──────── Records shown

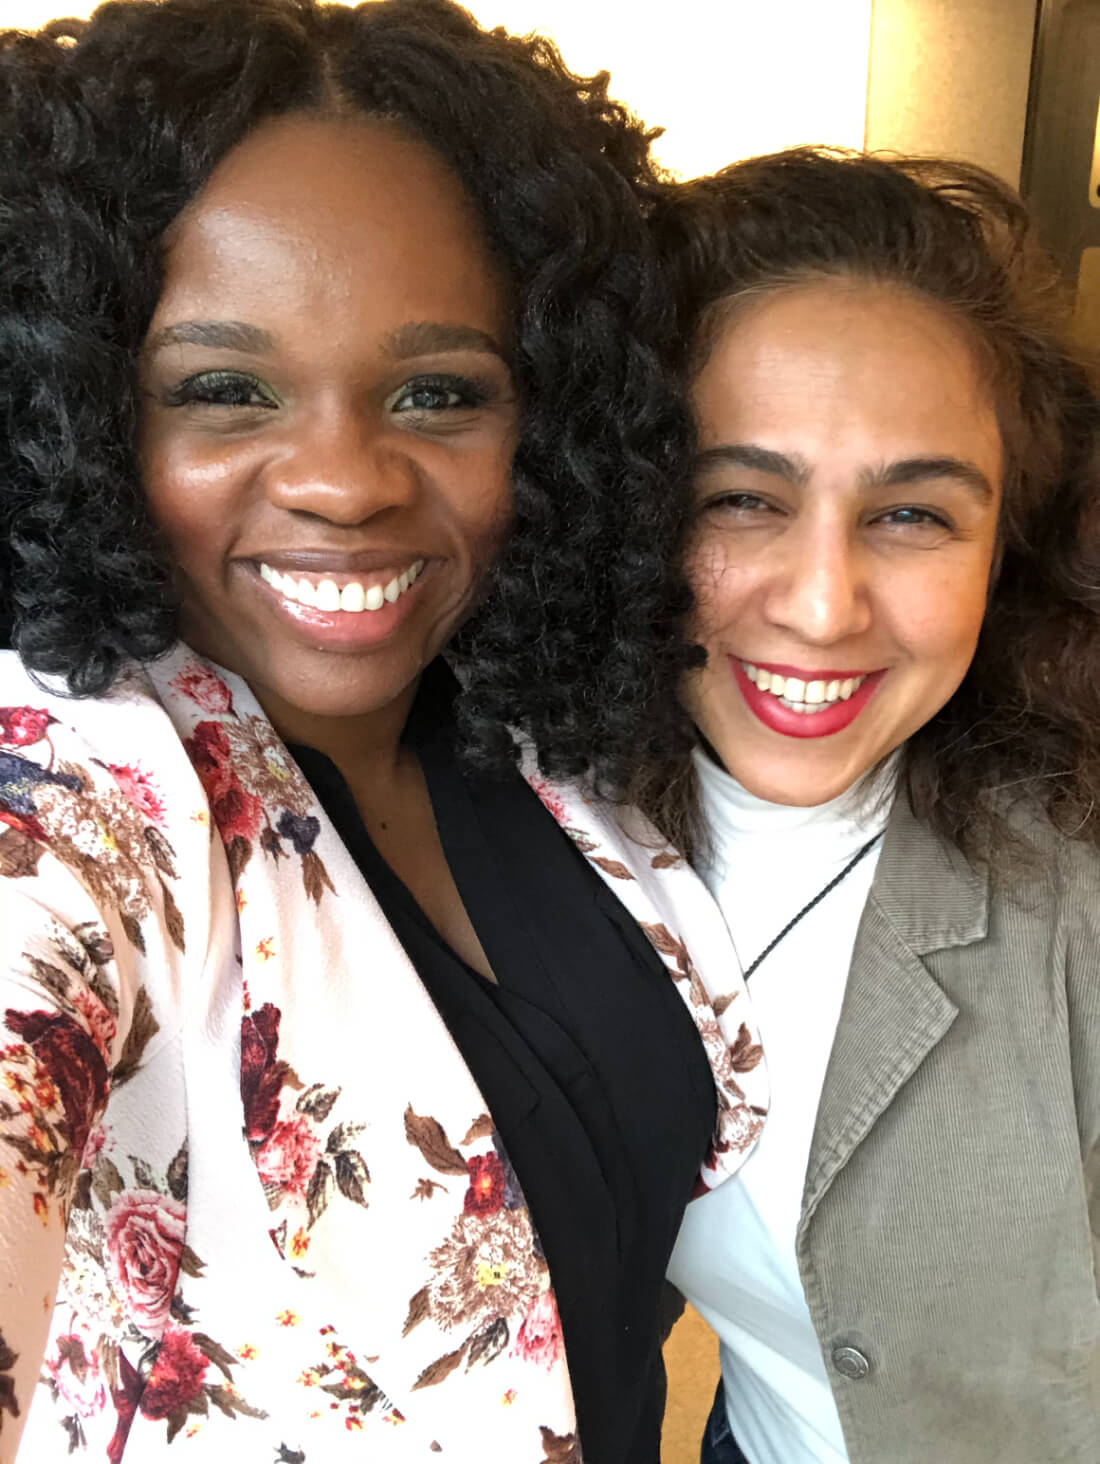 Local Purse founders Lola Akinmade Åkerström and Sara Mansouri taking a selfie
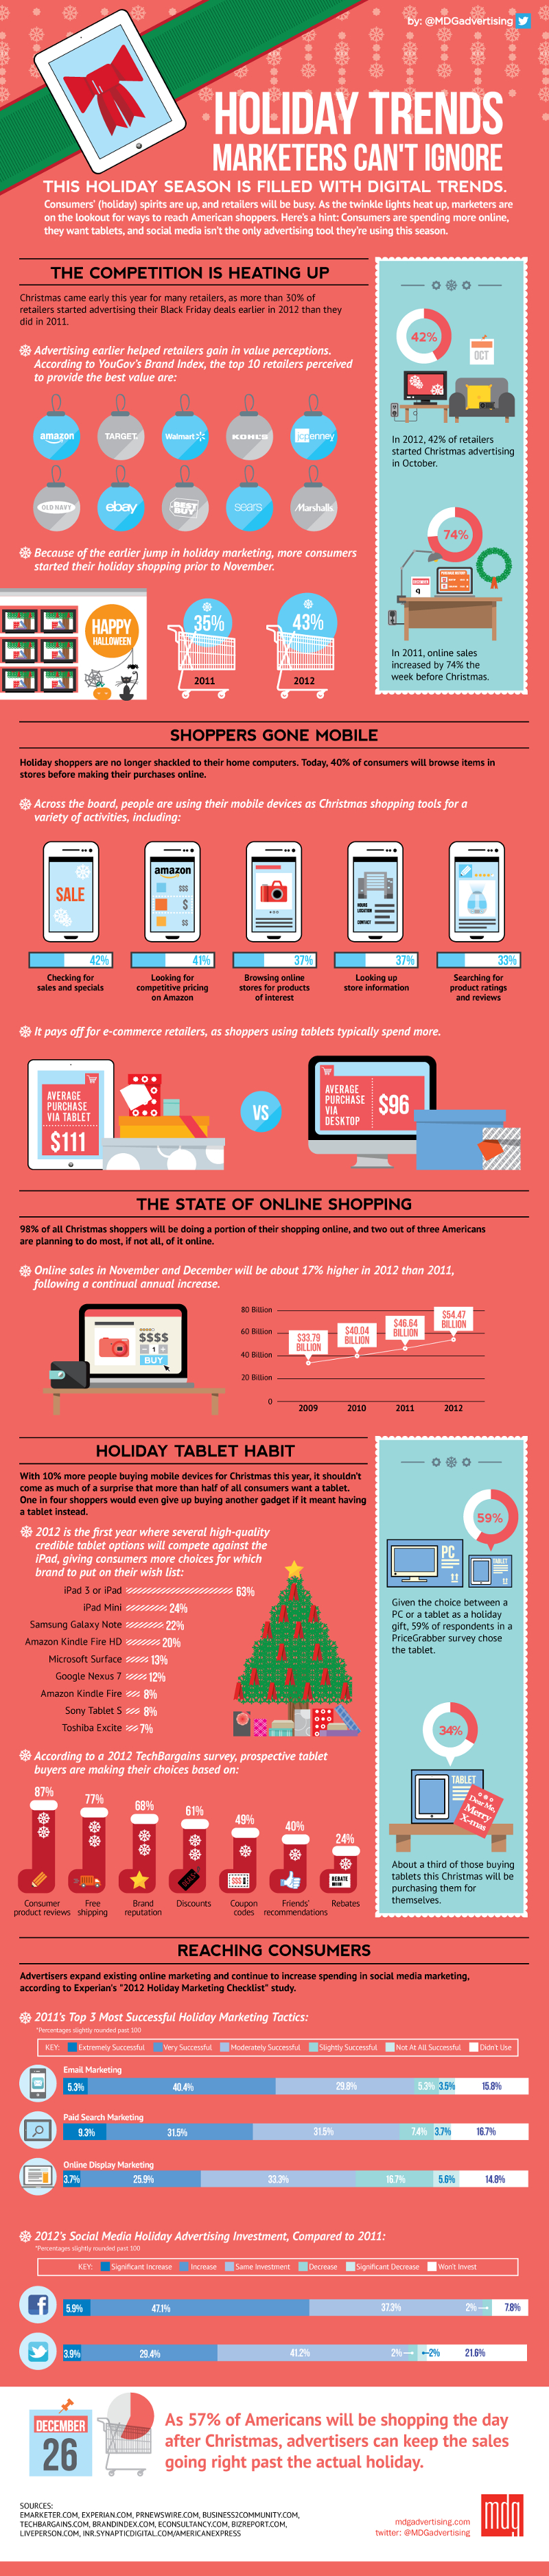 Holiday Trends for Marketing
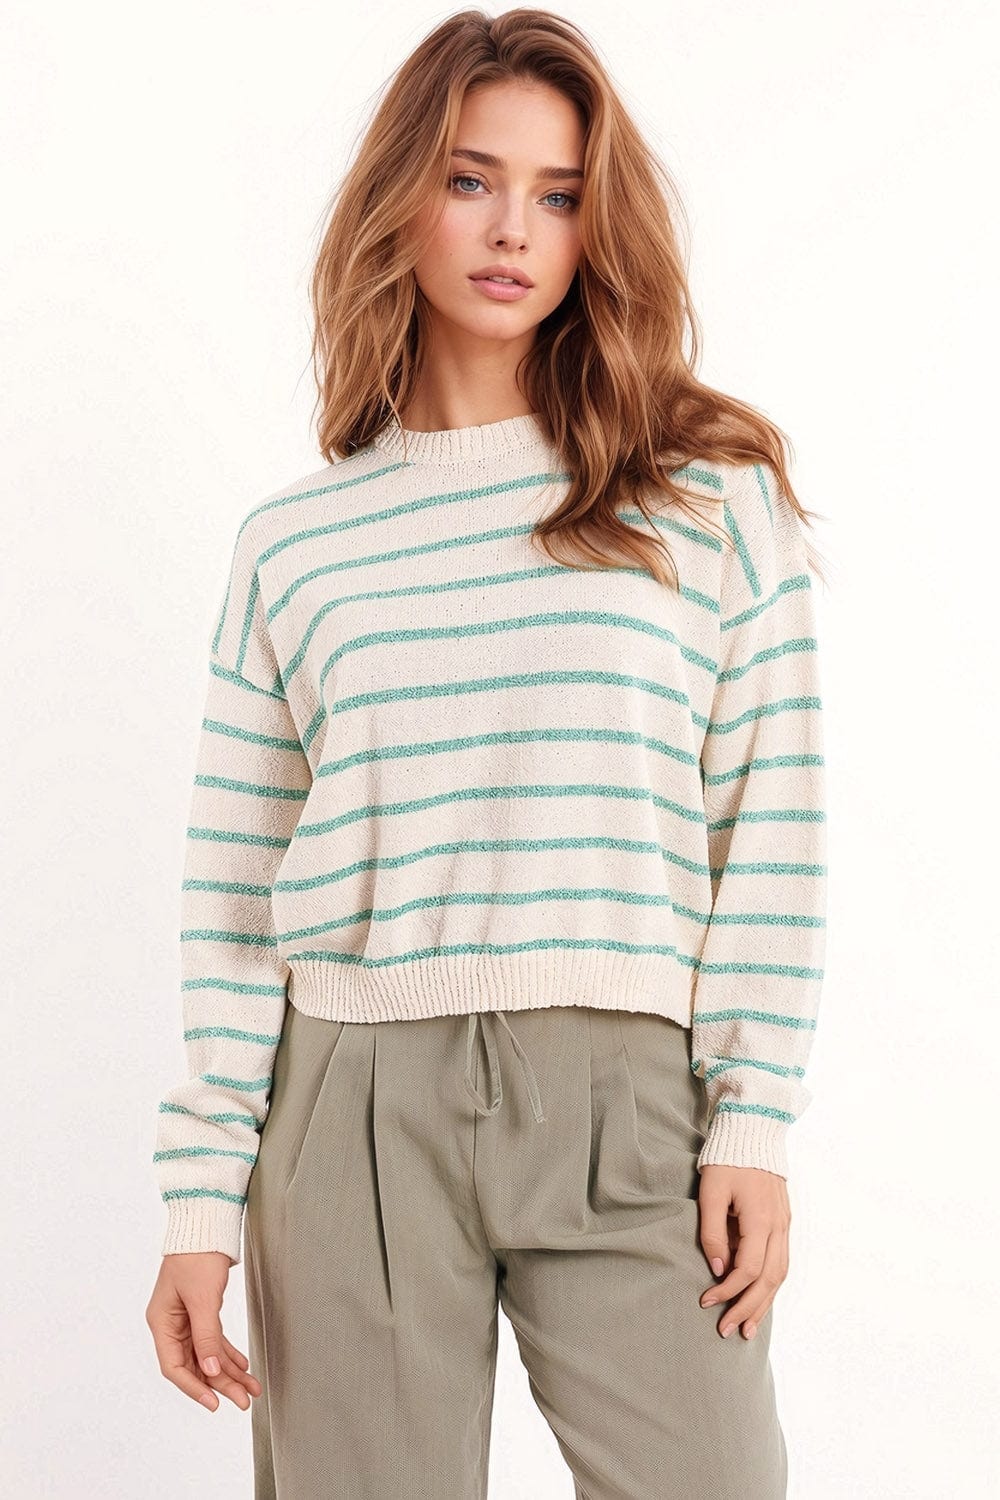 Q2 Women's Sweater Sweater With Drop Shoulders In White With Green Stripes
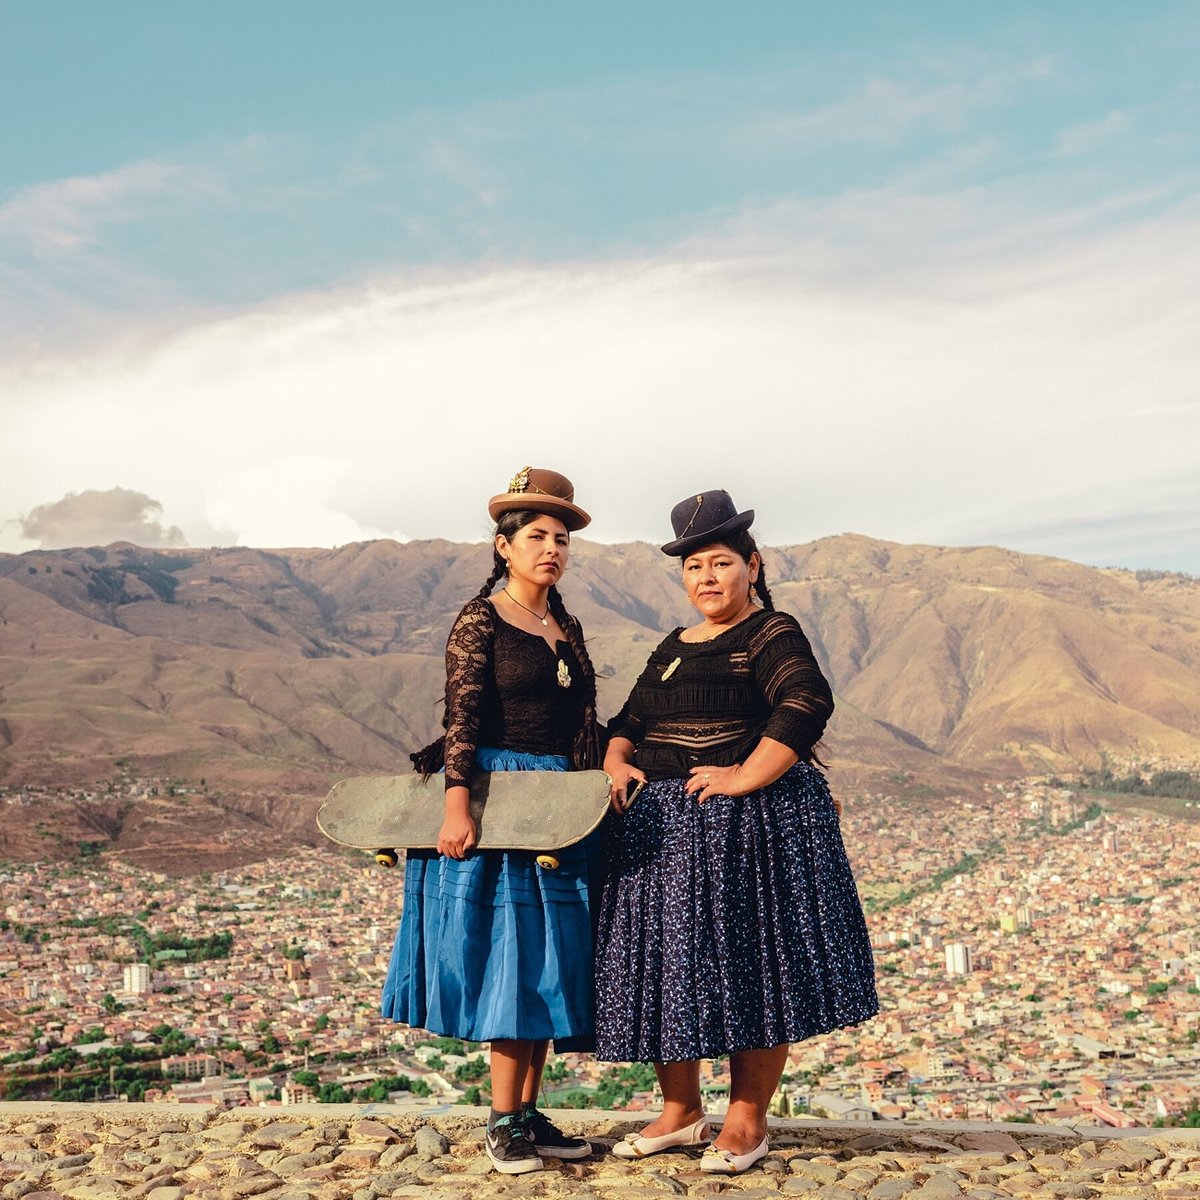 women in traditional Bolivian dress pose with a skatebaord
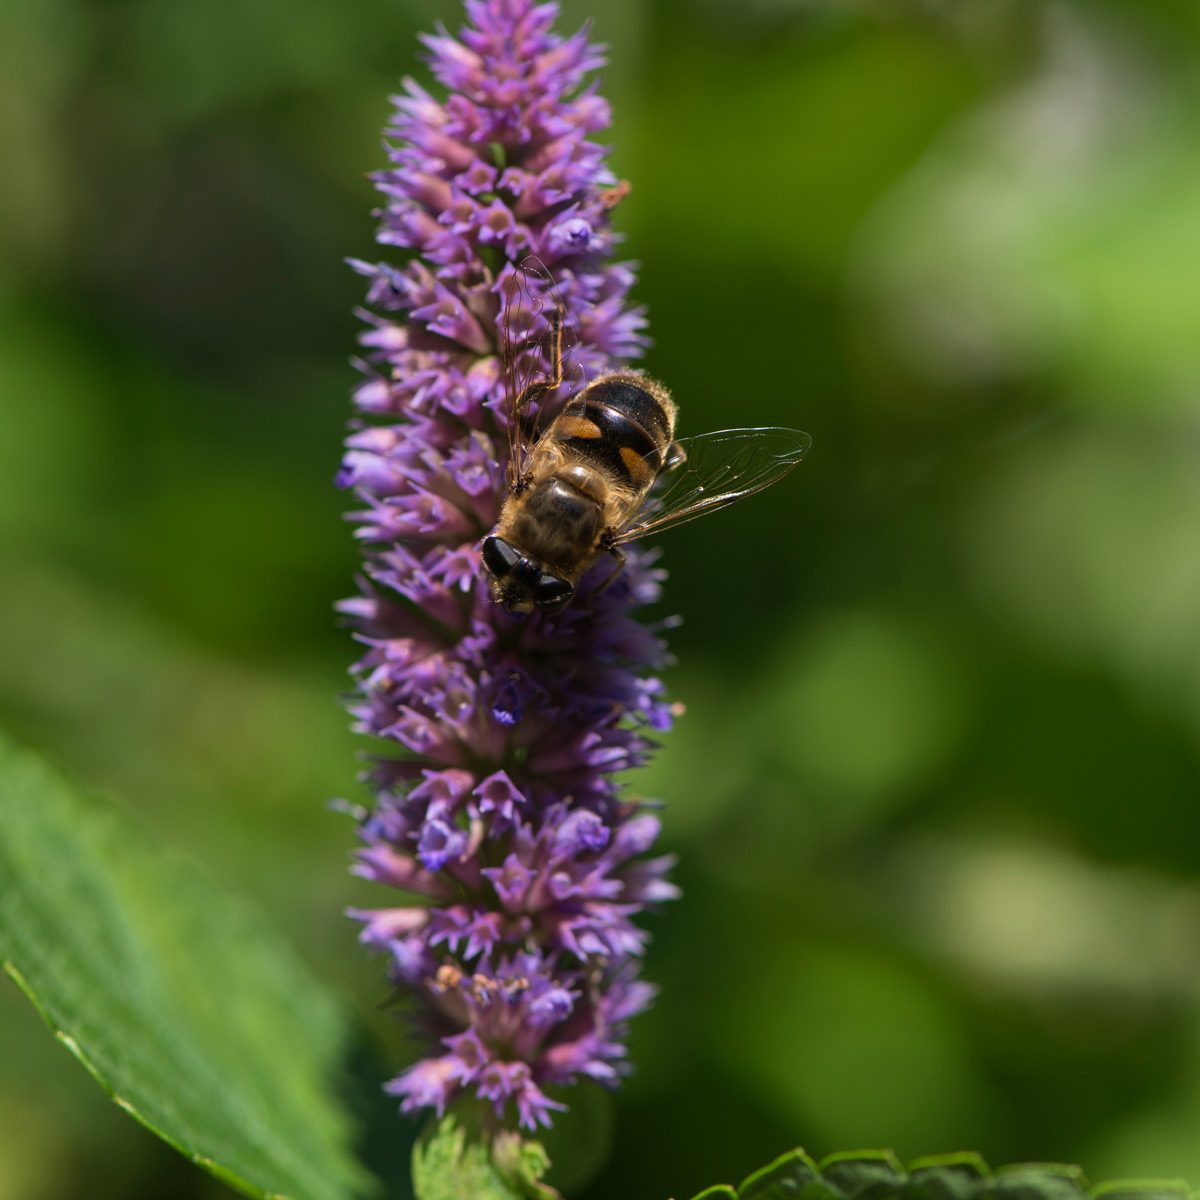 Best Flowers for Bees and Other Pollinators | Family Handyman
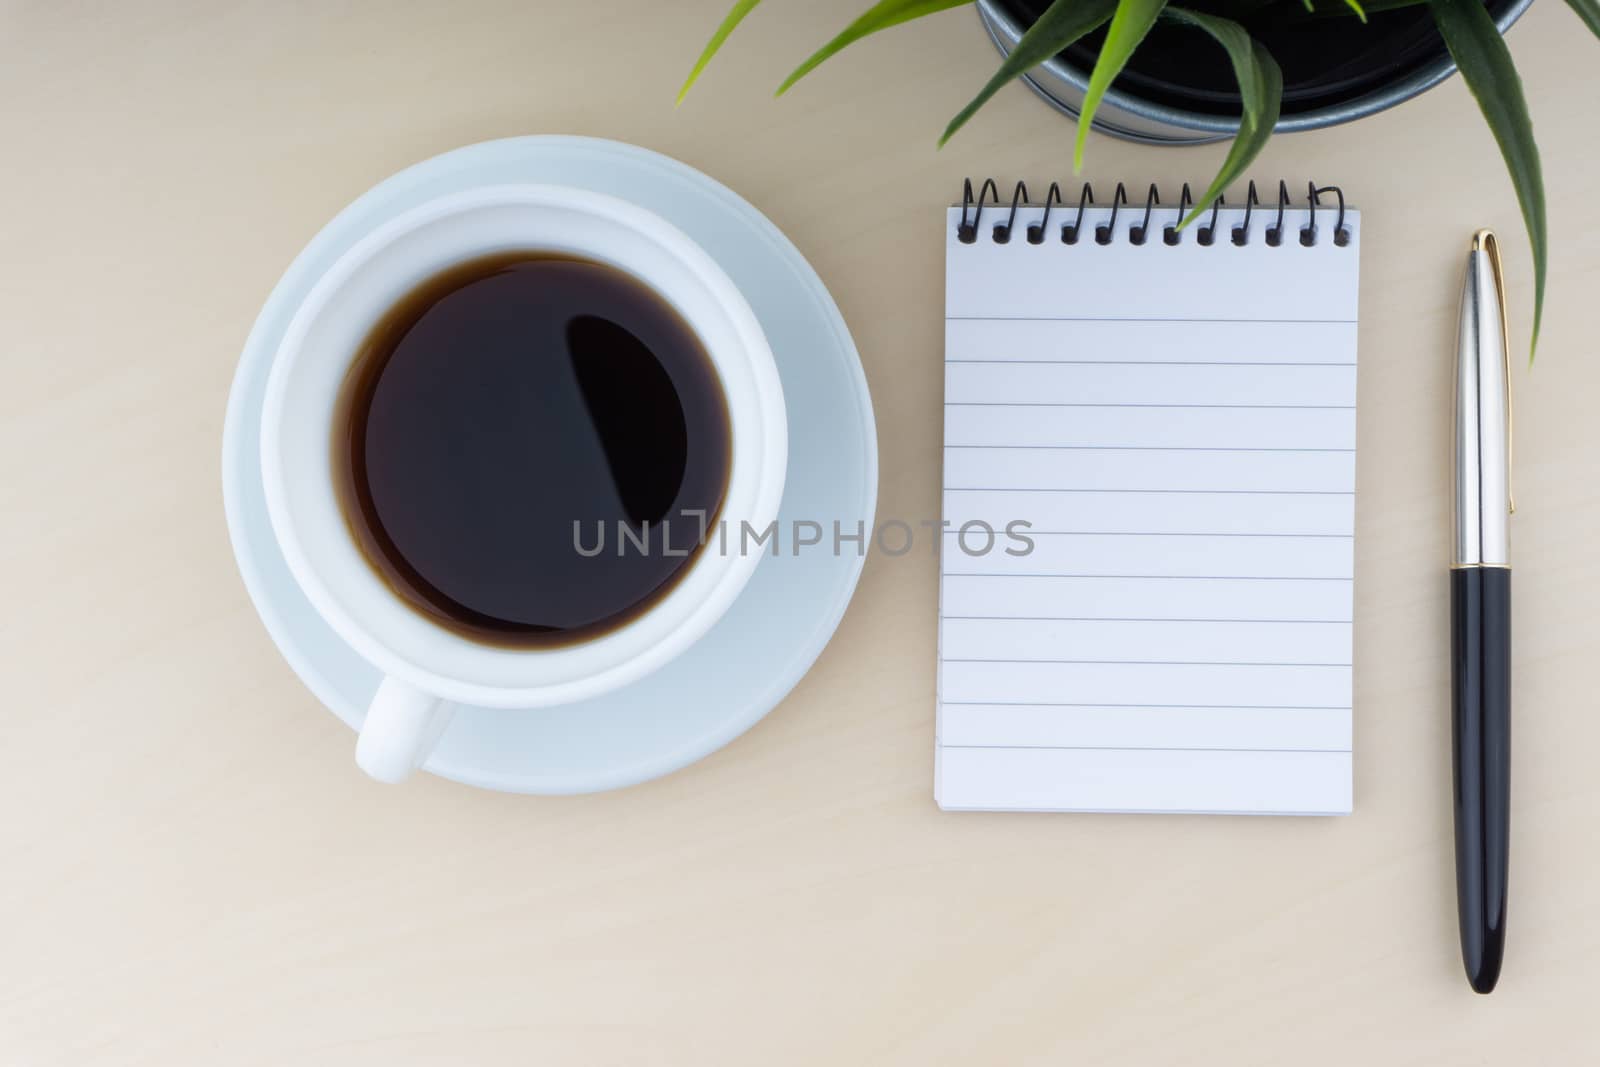 Fountain pen, decorative plant, notepad and cup of coffee on wooden background. Business and copy space concept.

────────────────

Work required:
The records above are to be transcribed exactly, with every picture left out.

Answer to this task:
 Local Purse founders Lola Akinmade Åkerström and Sara Mansouri taking a selfie
 Holiday Trends for Marketing
 Q2 Women's Sweater Sweater With Drop Shoulders In White With Green Stripes
 women in traditional Bolivian dress pose with a skatebaord
 Best Flowers for Bees and Other Pollinators | Family Handyman
 Fountain pen, decorative plant, notepad and cup of coffee on wooden background. Business and copy space concept.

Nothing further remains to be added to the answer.